The passage also preserves historical memory. It names Jerusalem by an older identification (“the Jebusite”), signaling that earlier inhabitants and place-labels still mattered when Israel described the land.
Where interpretation differs
Two questions draw the most discussion.
First, readers differ on how to understand the two numbers (“twelve” in v.24 and “fourteen” in v.28). Some read them as two separate clusters that together make the full list in this paragraph. Others think the counting may reflect different ways of grouping the same places (for example, counting main towns while assuming the attached villages, or counting with some names treated as alternate labels).

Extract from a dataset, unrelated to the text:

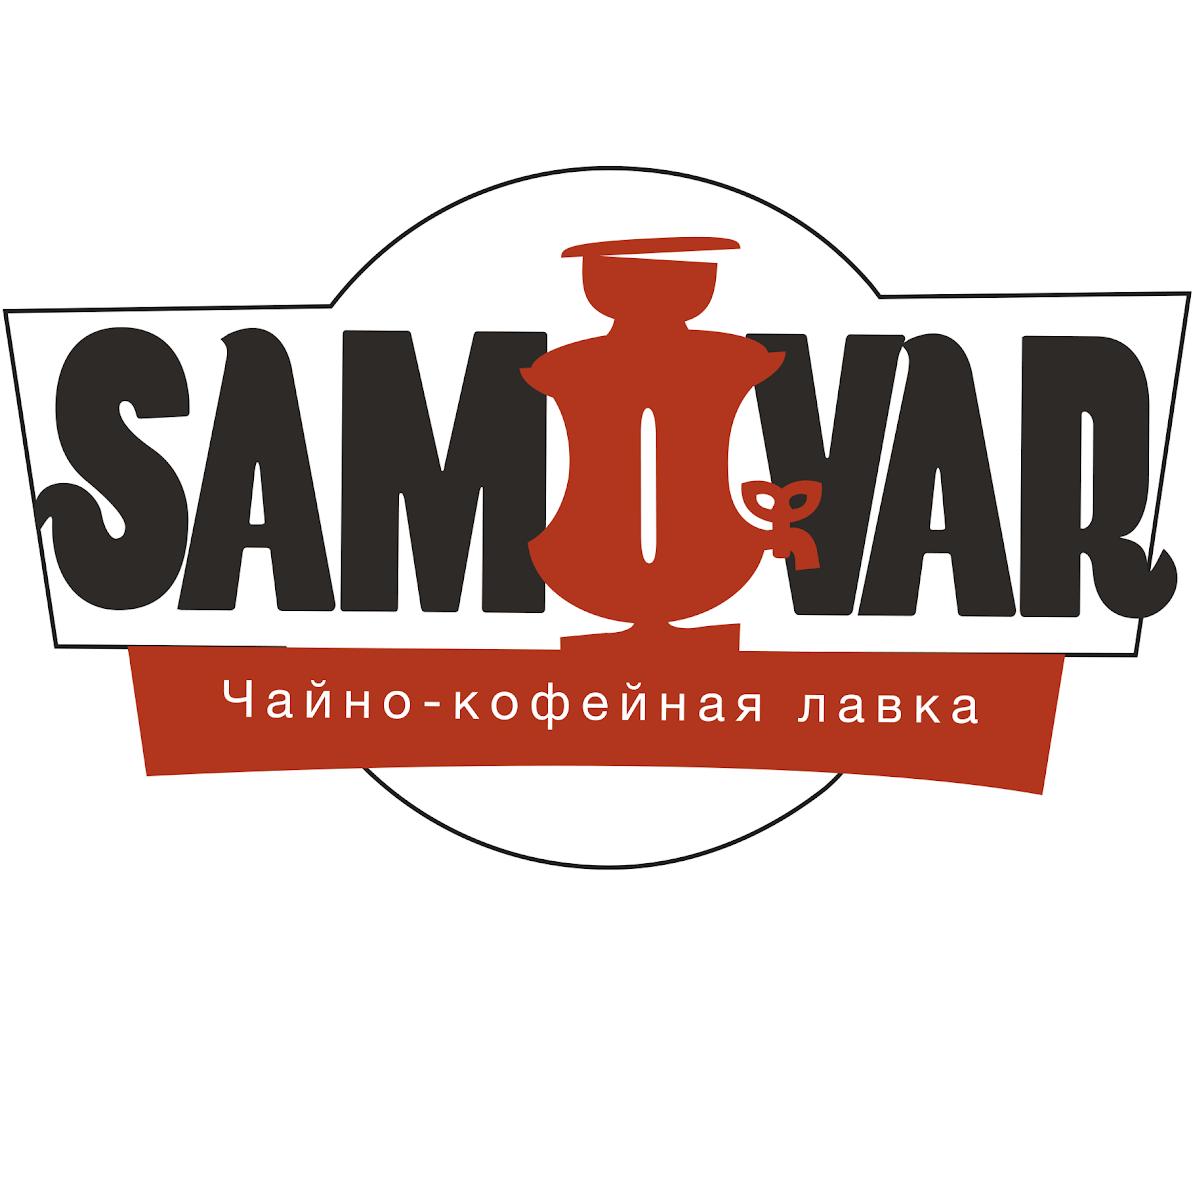 Чайно-кофейная лавка "Самовар"
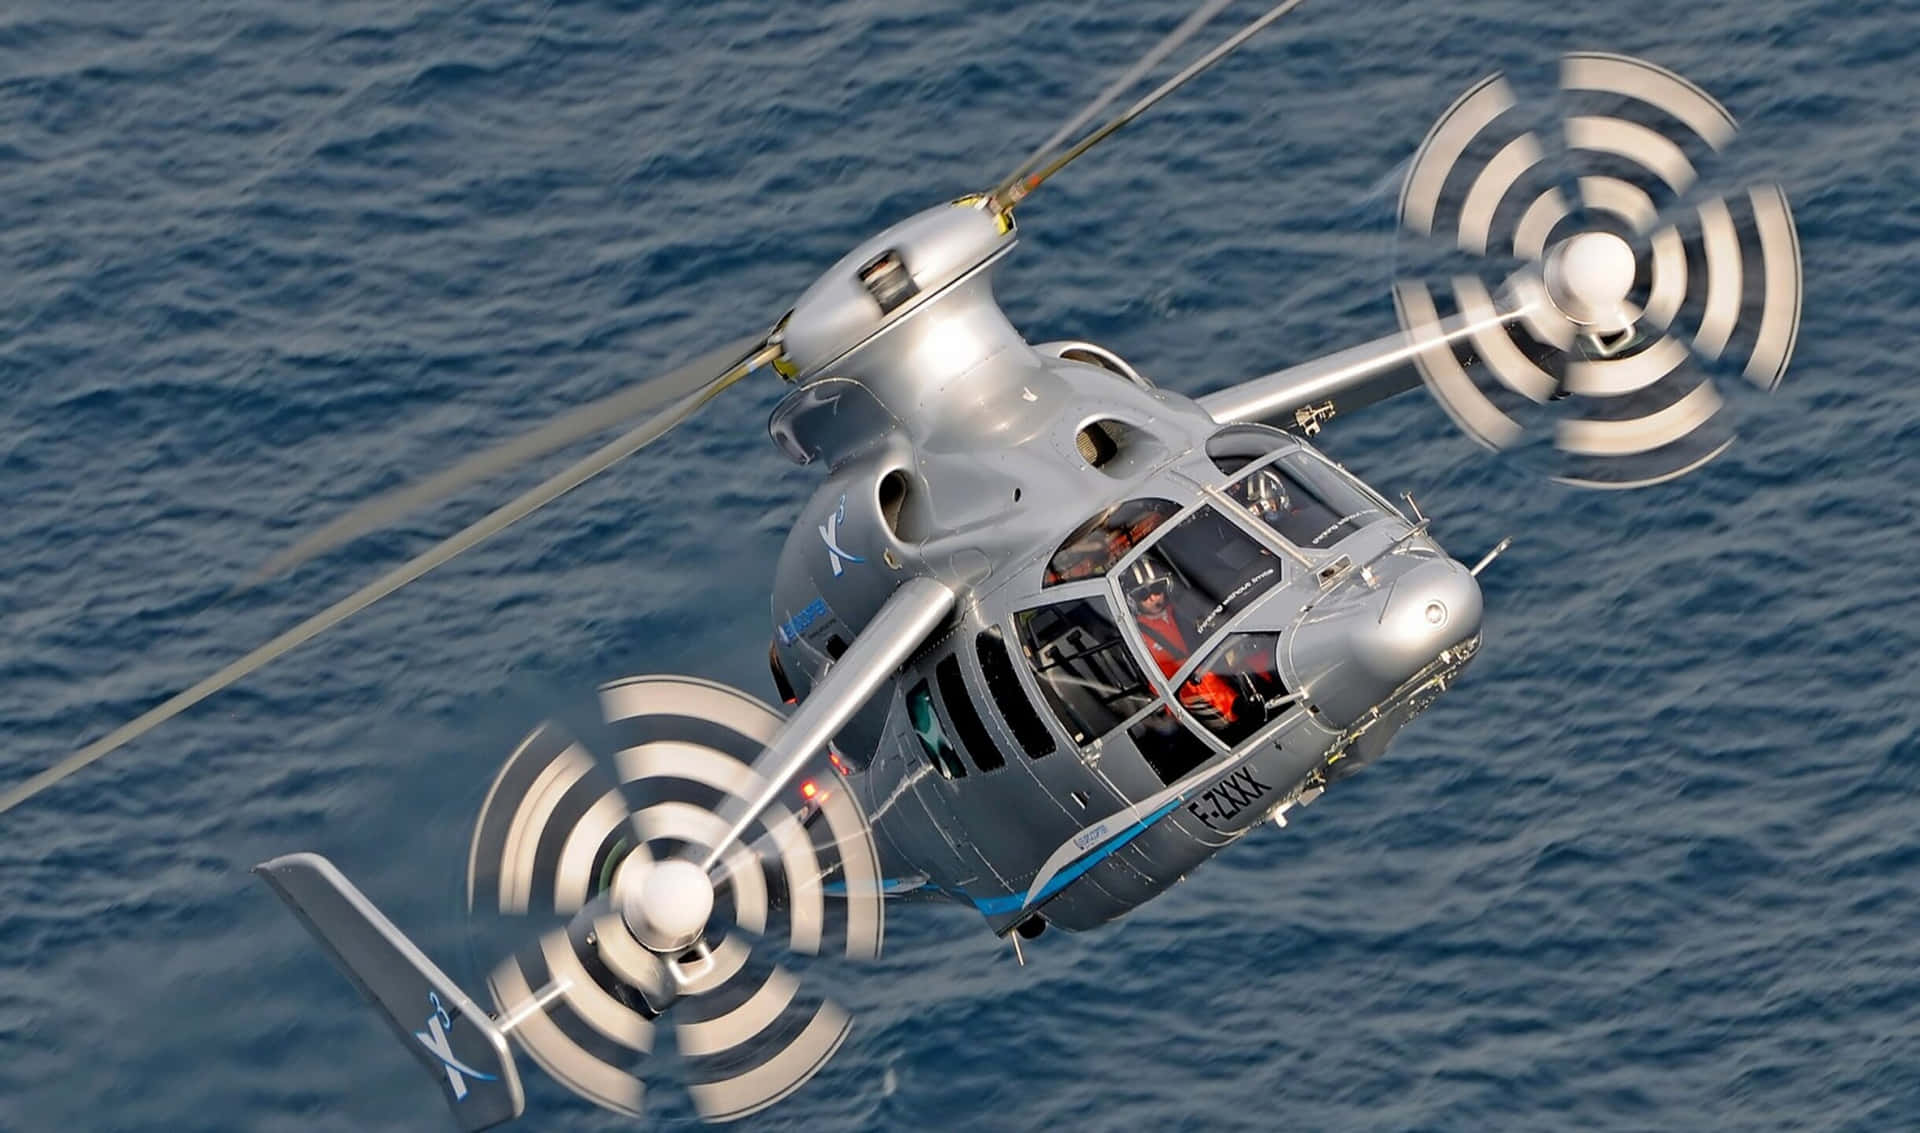 Fotografíade Alta Resolución De Un Helicóptero Azul Y Amarillo Inclinándose Contra Un Cielo Azul Claro.

Second, readers differ on why Jerusalem is called “the Jebusite” here. One view is that it simply reflects common naming: the city was known by the people group associated with it. Another view is that it subtly signals that Israel’s hold on Jerusalem was not yet complete even though it appears inside Benjamin’s allotment.
Why the disagreement exists
The list style is compressed. It alternates between naming places and giving totals, but it does not explain its counting method. Also, “with their villages” can be heard as a reminder about surrounding settlements rather than a clue to how the totals were calculated. Finally, the parenthetical “the same is Jerusalem” makes the line clear, but it does not explain why the older label is used.
What this passage clearly contributes
This text contributes concrete detail to the claim that Israel’s land was apportioned in an ordered way: tribe → families → towns and villages. It also shows that the biblical account can name a place both by Israel’s later name (“Jerusalem”) and by an older association (“the Jebusite”), preserving layered geography and history within the allotment record. Joshua 18:11–20 provides the borders; vv.21–28 supply the lived-in place-names inside them.